What you need to do
Set the pictures aside and write down, exactly as they appear, the lines from the one containing "Venezia Festa del Redentore" through the end of the material.

Input data
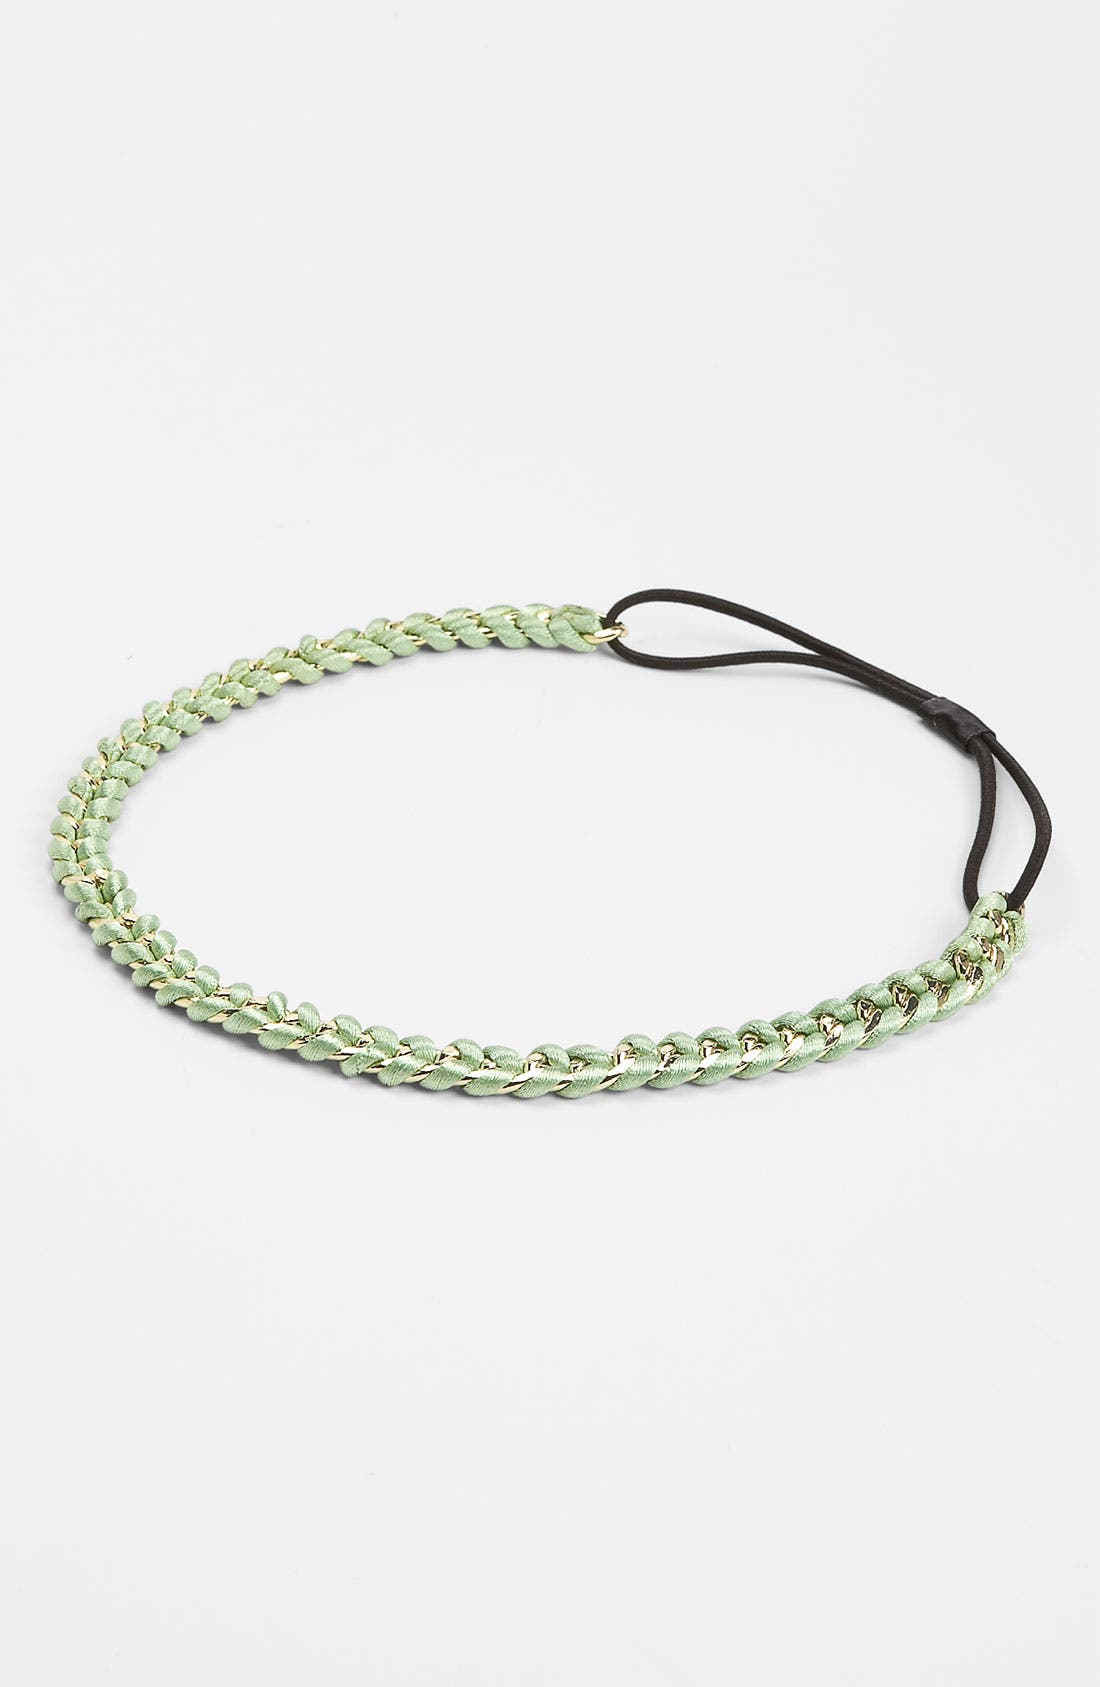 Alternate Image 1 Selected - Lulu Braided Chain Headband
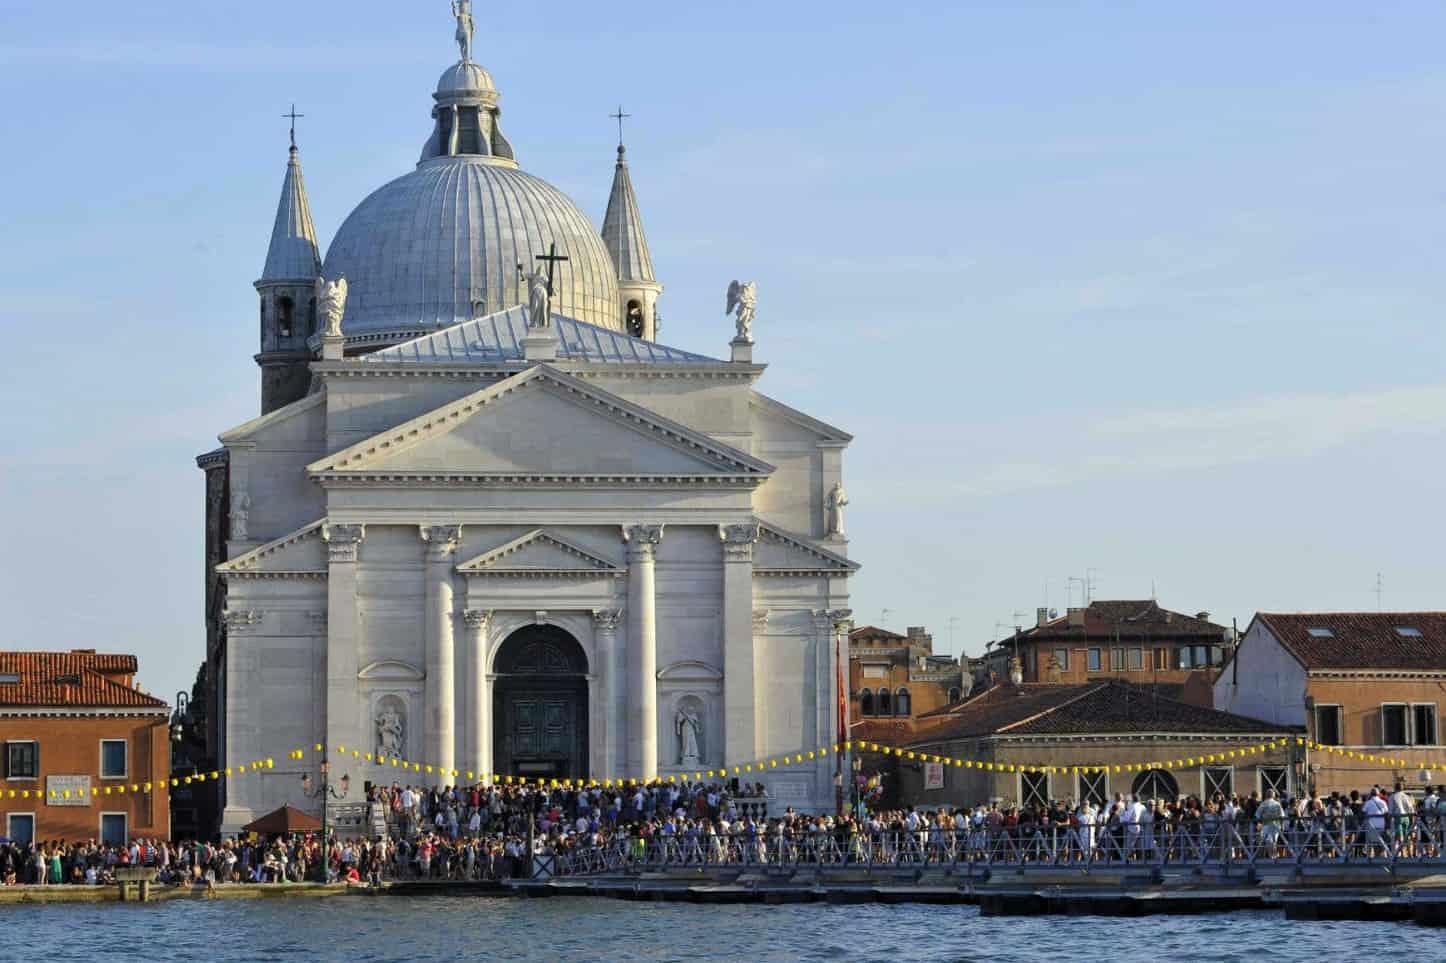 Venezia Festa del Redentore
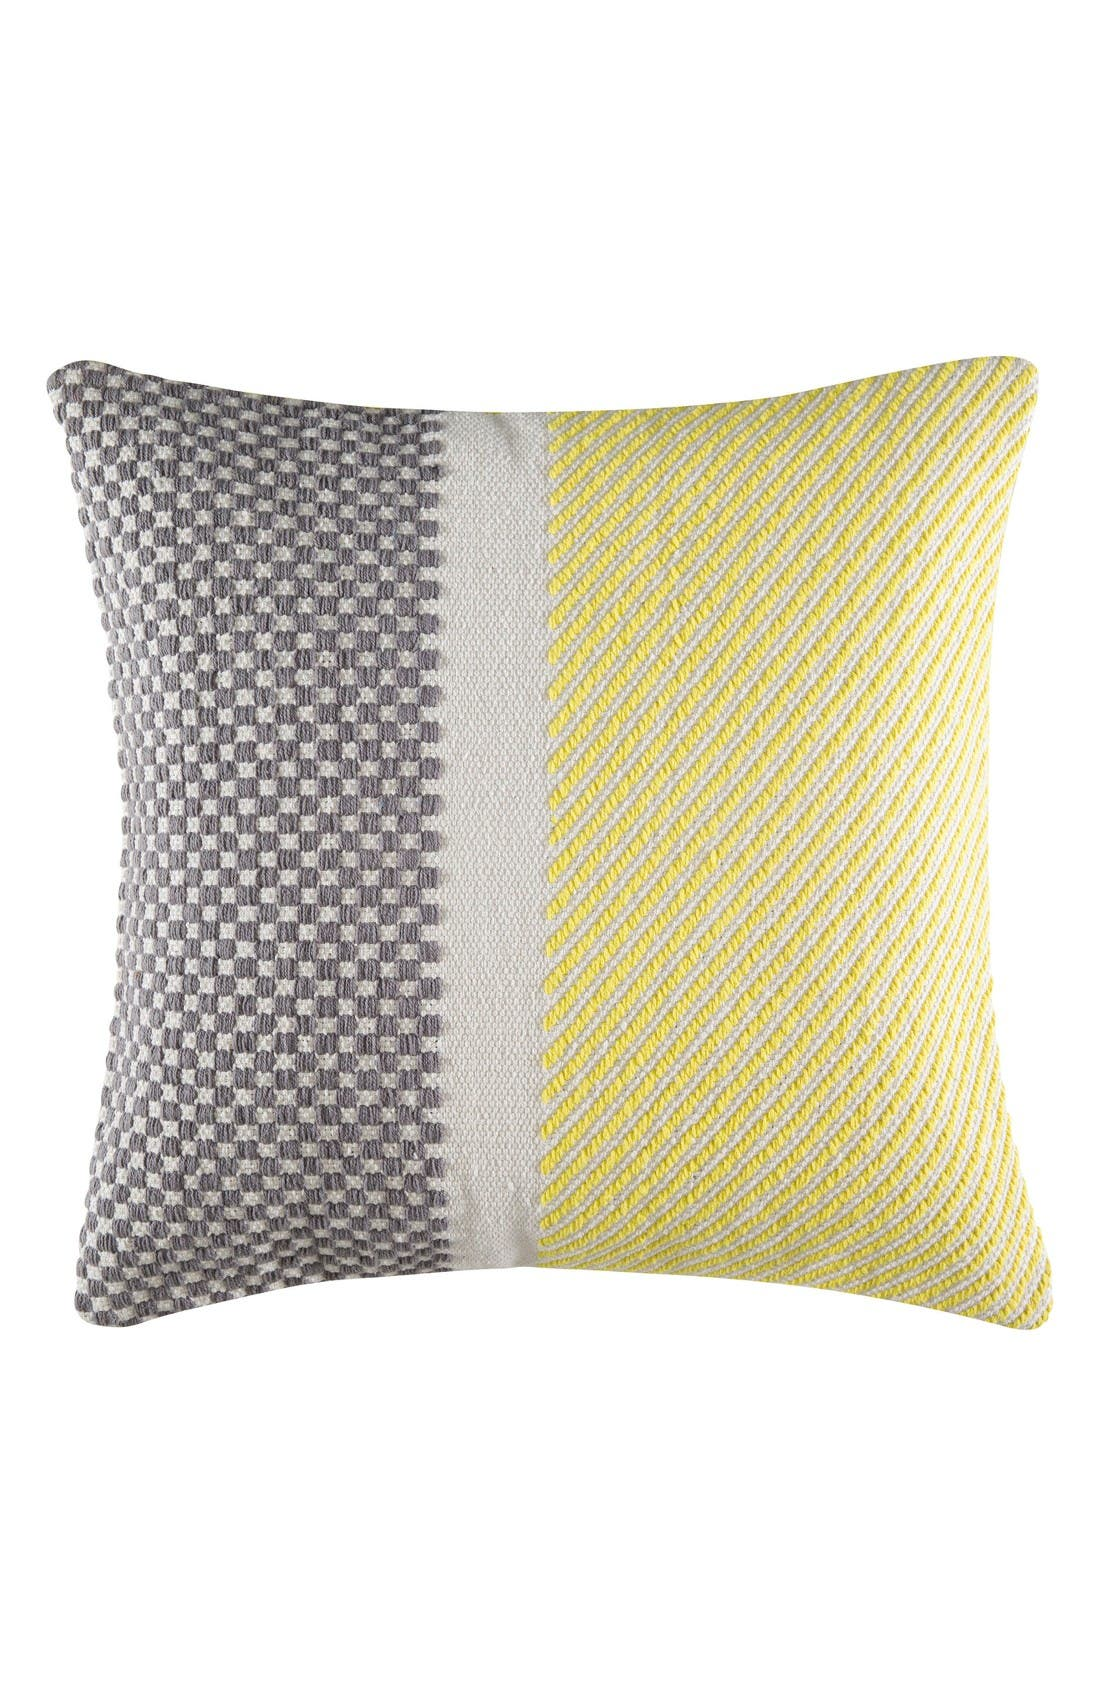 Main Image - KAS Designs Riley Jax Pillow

Your response
 Venezia Festa del Redentore
 Main Image - KAS Designs Riley Jax Pillow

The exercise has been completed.